Today we sympathise with the plight of Woolworths workers, facing redundancy on a big scale. There will be no governemnt handout for them. There will be more store groups going under in these conditions, which remain the cruellest I can remember. Cost cutting and care with merchandising are essential for survival. Not all will make it.

4 Comments

  1. Mike Gill
    December 27, 2008

    Surely there has to be a substantial reduction in total retail capacity. The current discount frenzy is the retail version of last man standing. Spending power is reduced not only by reduction of borrowing but also by the need to pay down existing debt, and recovery in spending power will be damped by future tax rises

    When the surviving shops re-stock after their current currency hedges and supply contracts expire, we will presumably see inflation for imported items. Buy what you need now if you can!

  2. Michael, Islington
    December 27, 2008

    I can see you don’t go shopping much.

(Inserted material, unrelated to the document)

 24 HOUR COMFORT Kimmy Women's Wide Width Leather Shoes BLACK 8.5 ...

    Just about all the high street retailers are stuffing their “sales” with specially bought-in seconds.

    They don’t think as much about right product, right price and right place as about there’s a lot of right mugs.

    Reply: Yes, there is always a lot of special sale merchandise, which some like. There are also genuine bargains from heavily discounted regular stock, as I have seen for my self again this year.

  3. Derek
    December 27, 2008

    A lot of ‘sale’ stuff is brought in specially, but is not seconds it is just made to a price point. It’s what’s known in the trade as a mug’s eyeful. There are genuine cost or below cost bargains out there if you know where to look, particularly in clothing.

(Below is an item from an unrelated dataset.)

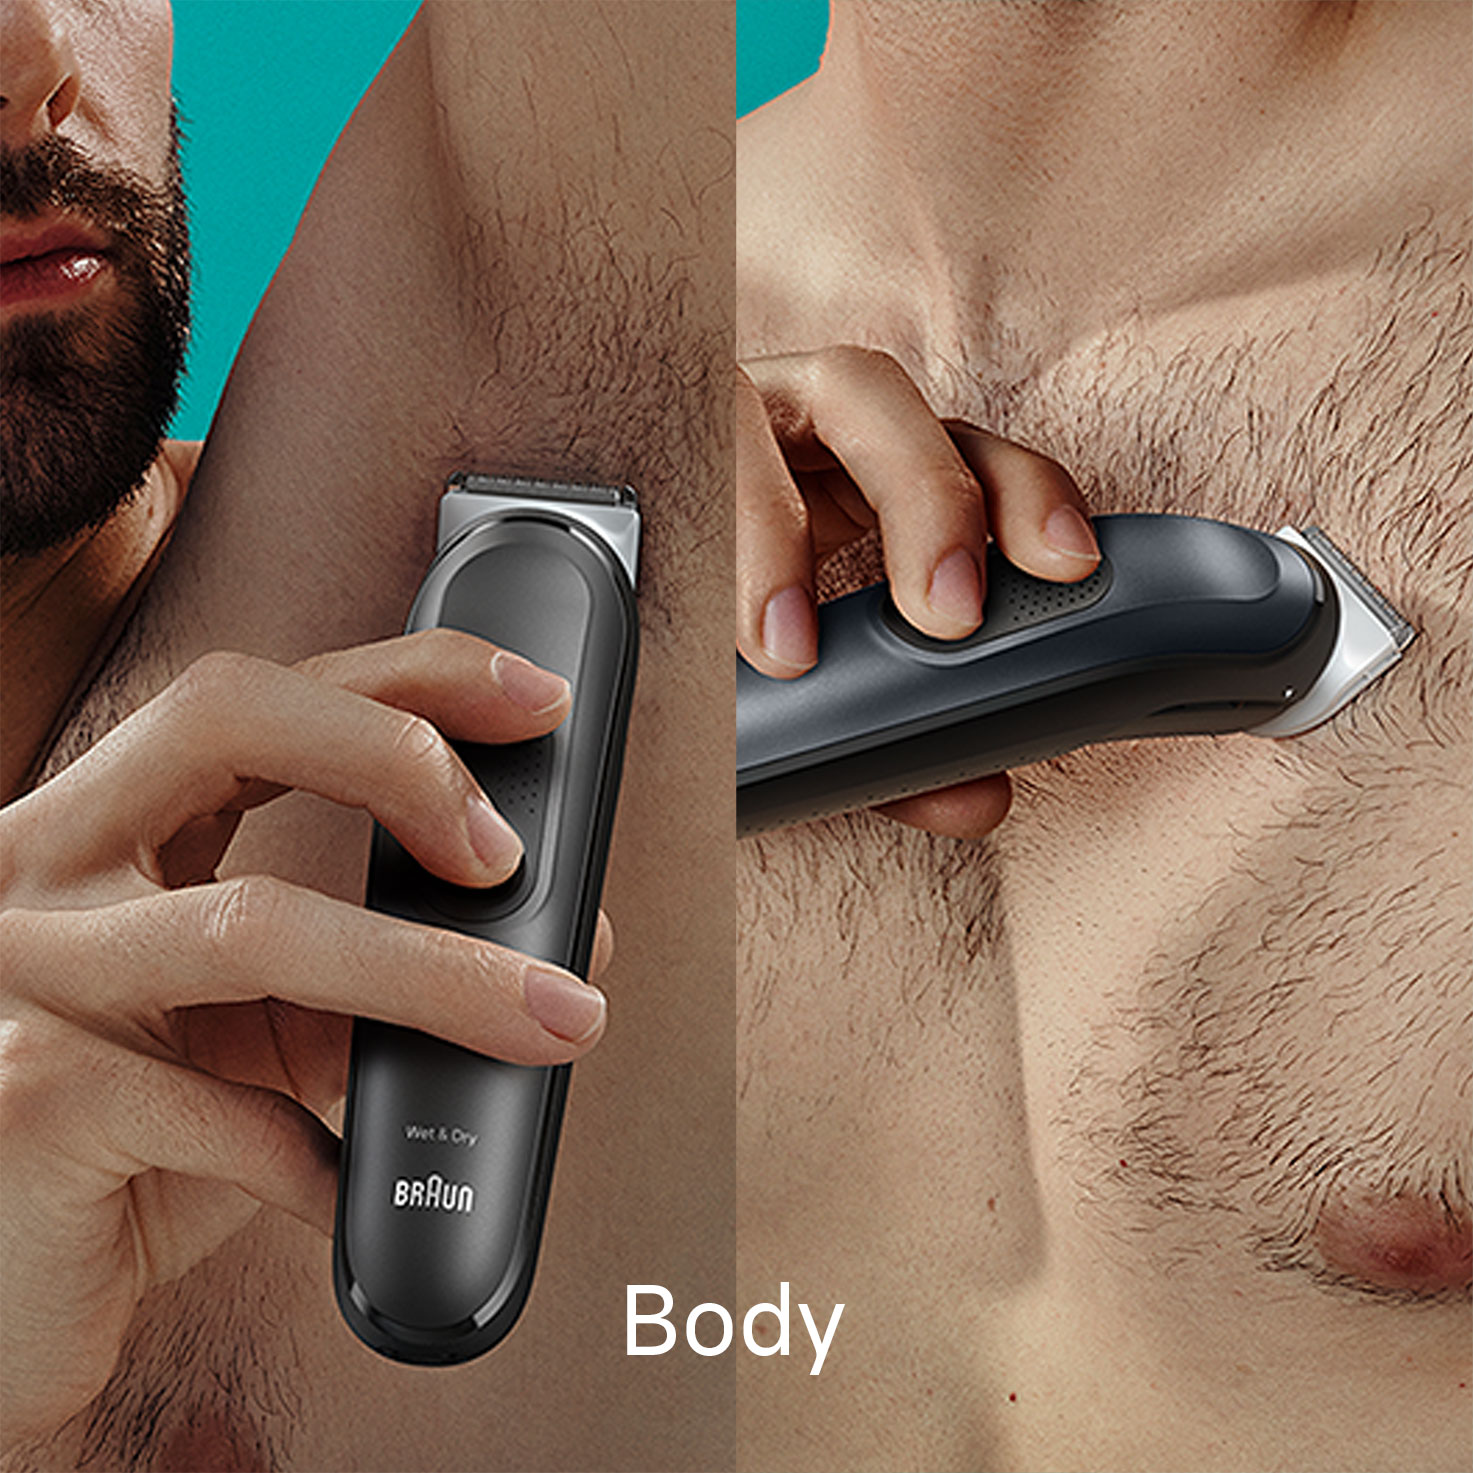 MGK 7491 : Braun's all in one male body grooming kit

    There’s a big media narrative about savvy shoppers leaving it later every year. The recent Woolworths sale undermines this a bit with their initial ‘up to 50% sale’ that duped many into buying when the discount was only 10% (7.9% really when you bear in mind the VAT cut wasn’t passed on).

    Unfortunately, survival will be less down to gifted retailing and more down to how much of the estate is freehold and whether the debt can be refinanced or not. The current environment is so harsh that you can have a large market share, mopping up most of the available spend, but still be struggling to make ends meet.

    Outmoded business models are a favourite analysis for failing businesses. Take the car industry, for example, the standard line is they didn’t adapt their products to environmentally friendly models people want to buy. It’s nonsense though, if cheap car loans were still available people would still be merrily buying 4x4s. Any car manufacturer who’d decided to go over to an entirely green product range would be calling the administrators. The car industry churned out SUVs because that was what people wanted to buy. The slowdown was too fierce and the timeframe too small for them to be fairly expected to have re-invented themselves.

  4. mikestallard
    December 27, 2008

    In the Fens, there has always been a shift in market places.
    King’s Lynn had a mediaeval market based on the old German/Russian trade through the Hanse. Then, when the Bedford Level drained part of the Fens, a brand new Market Place started off with pubs and another Parish Church. In the 1960s, the market area shifted into the new pedestrian precinct round Sainsbury’s and the new Bus Park/Railway project. Now, in the next millenium, it is shifting again to the ring road with hypermarkets of various kinds.
    I say this to reassure. The centre of Wisbech is largely charity shops, defunct Woolies, Poundland etc and some tea shops and pubs. Apart from the weekly market, it is a dead zone. The action is moving out to the ring road with the new multiplex.
    Plus ca change…..
    I am so pleased that you understand the skill and professionalism of traders of all stripes: the BBC seems to see them all as swindlers/rich people/polluters. In fact, they are the cutting edge of this economy.